Provided material below:

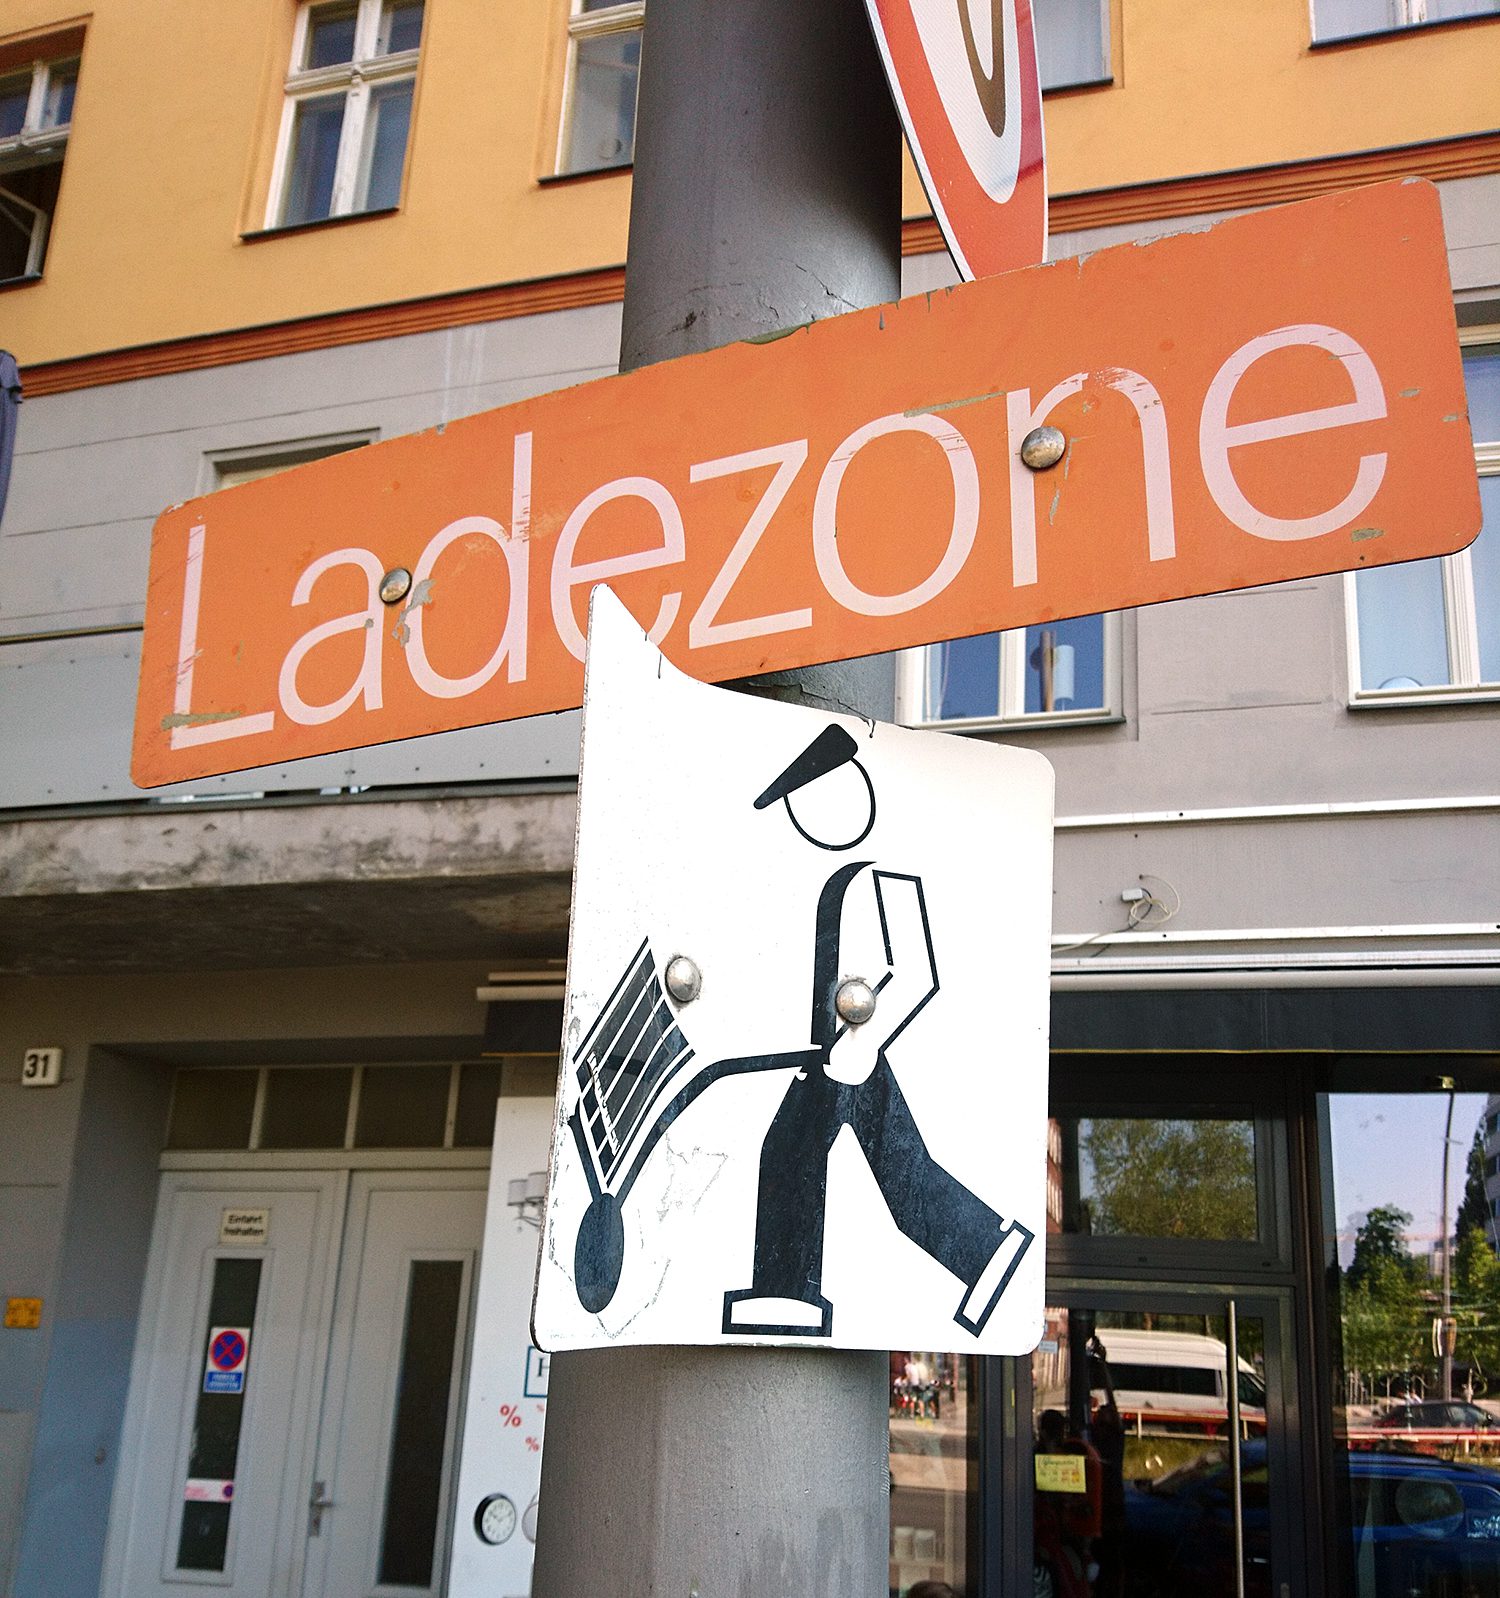 Die neuen, offiziellen Lieferzonen-Schilder fehlen dezeit noch. In der Müllerstraße, gegenüber dem Rathaus, hängen derzweil diese. Foto: Schnell
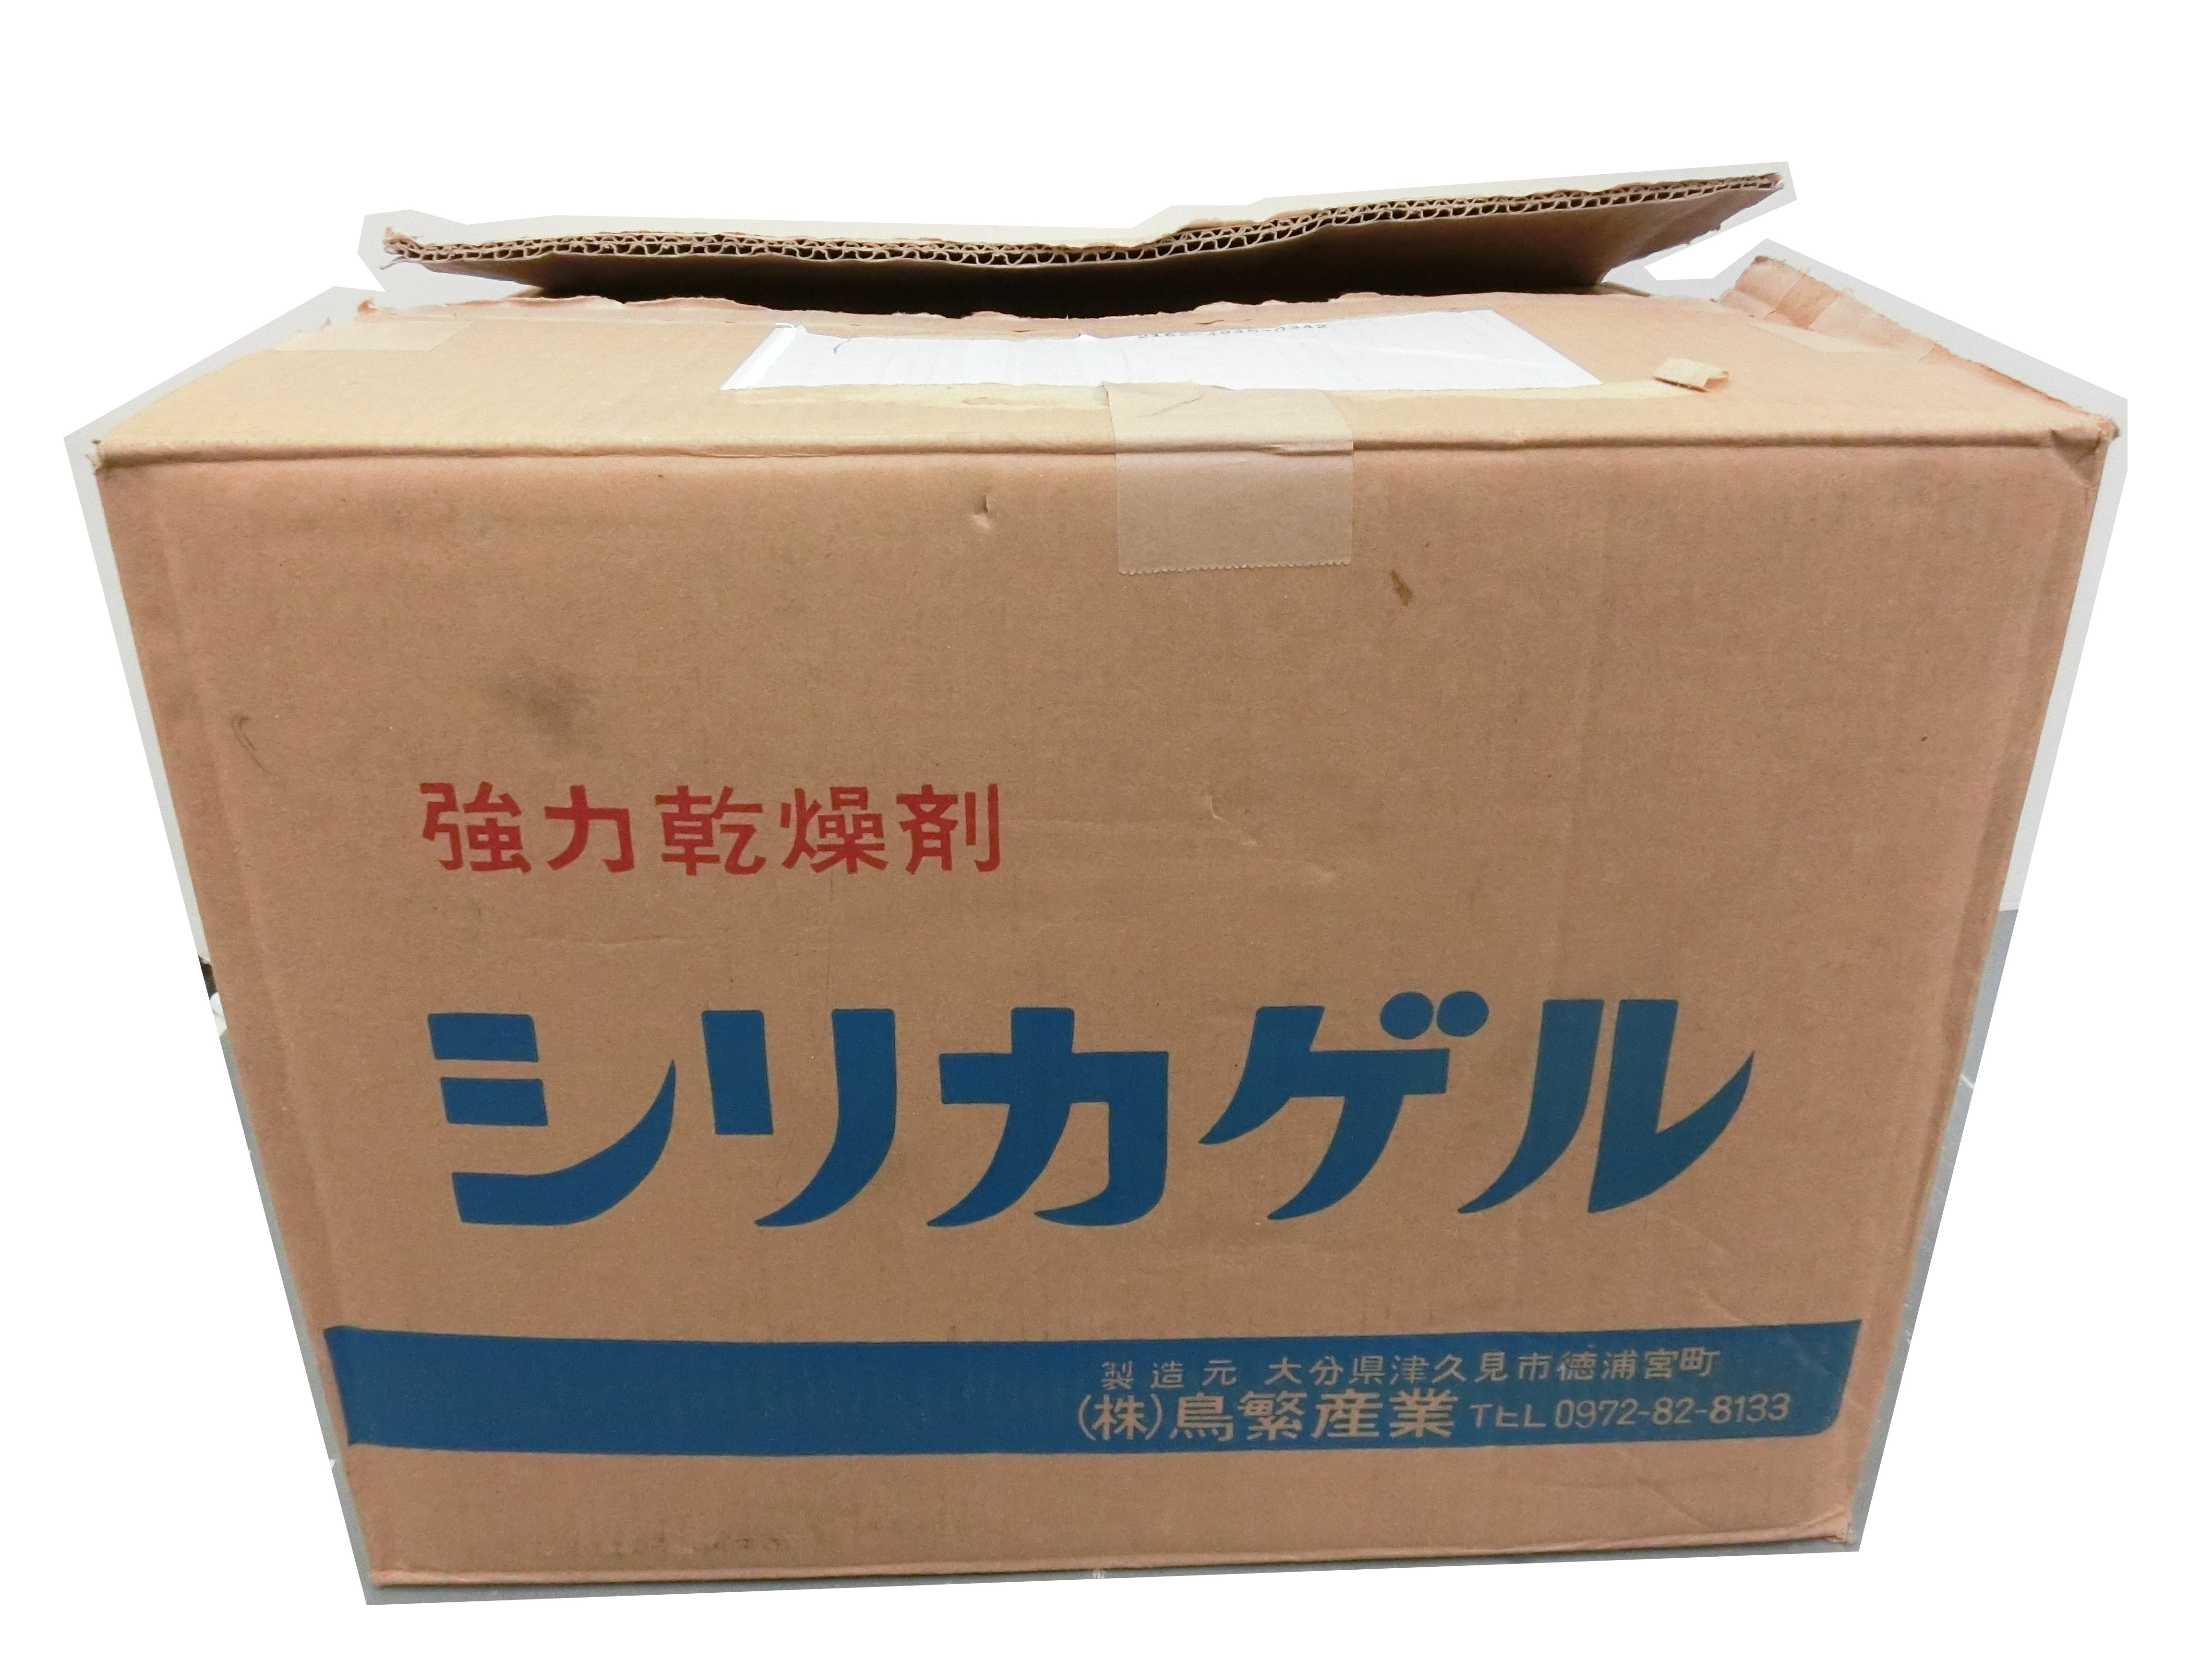 本日の段ボール 株 鳥繁産業 強力乾燥剤 シリカゲル 段ボール博物館 日本全国の段ボールを紹介
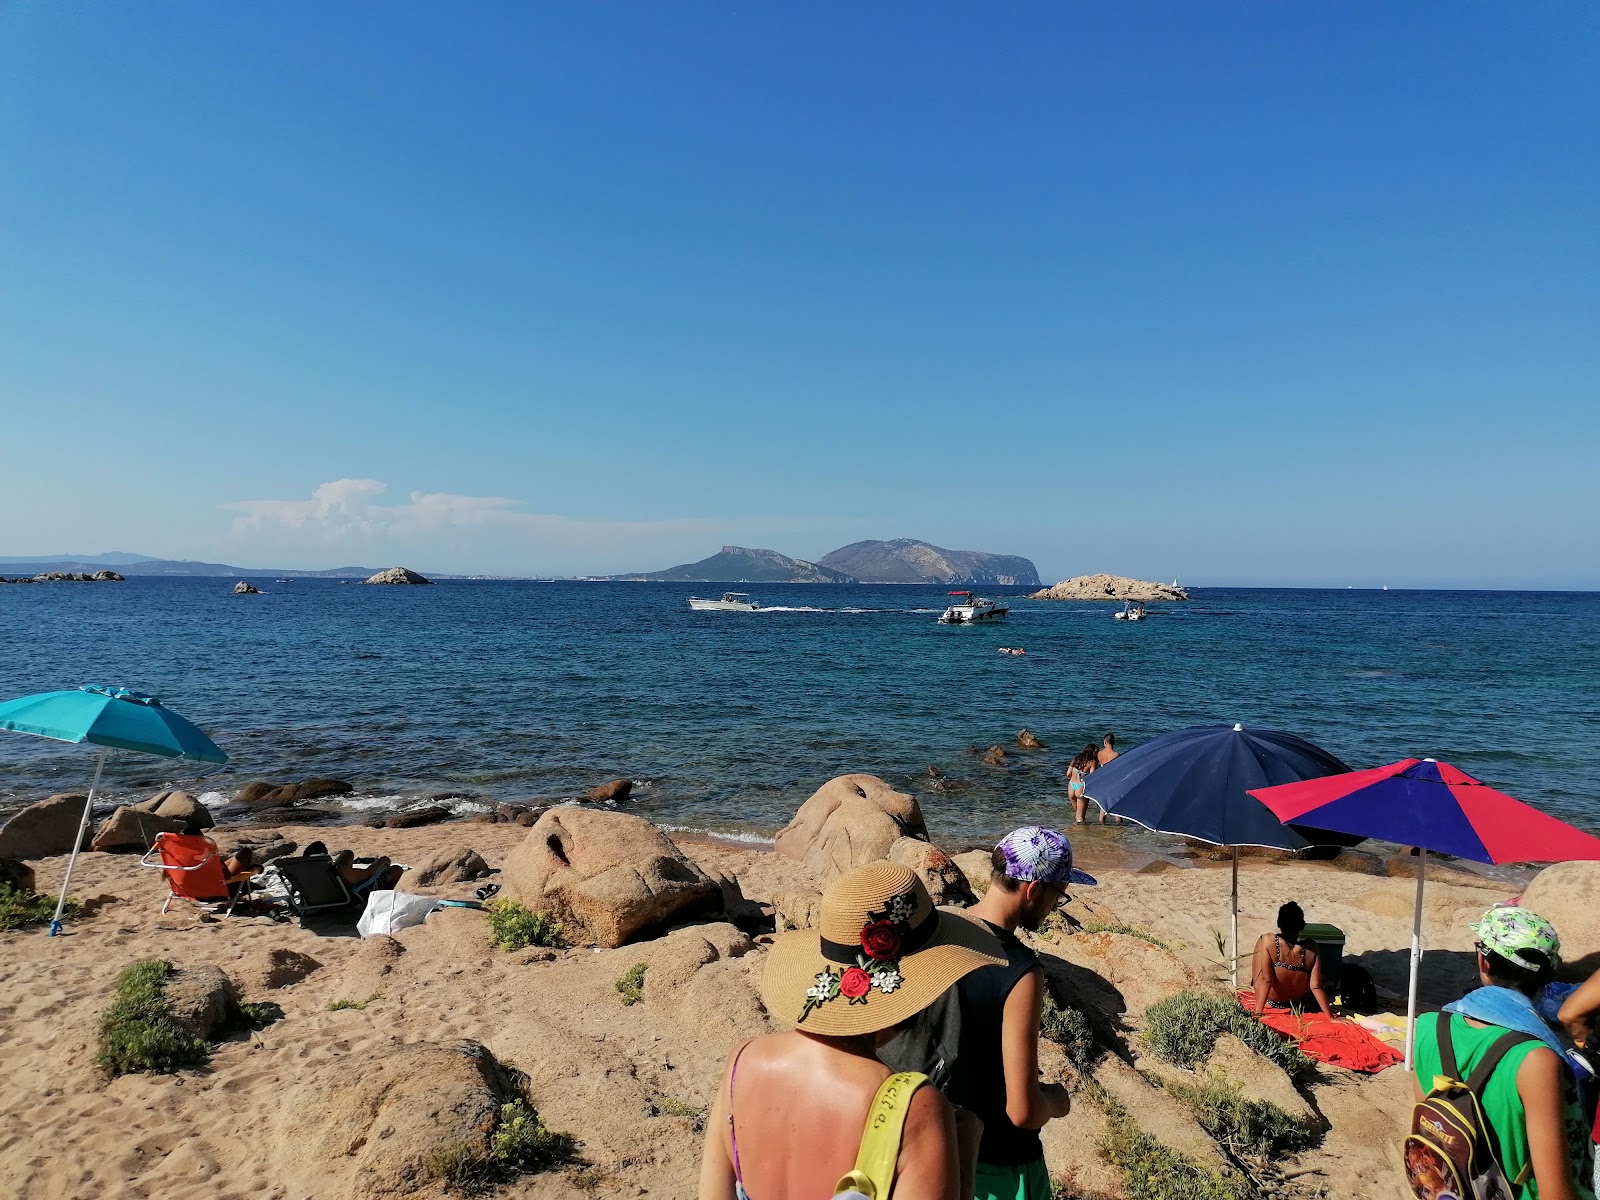 Photo of Spiaggia di Capo Ceraso located in natural area

End of Provided material.

The lines from the one that contains "本日の段ボール 株 鳥繁産業" through the end of the data, repeated exactly and with no pictures, make up the whole answer.

 本日の段ボール 株 鳥繁産業 強力乾燥剤 シリカゲル 段ボール博物館 日本全国の段ボールを紹介
 Photo of Spiaggia di Capo Ceraso located in natural area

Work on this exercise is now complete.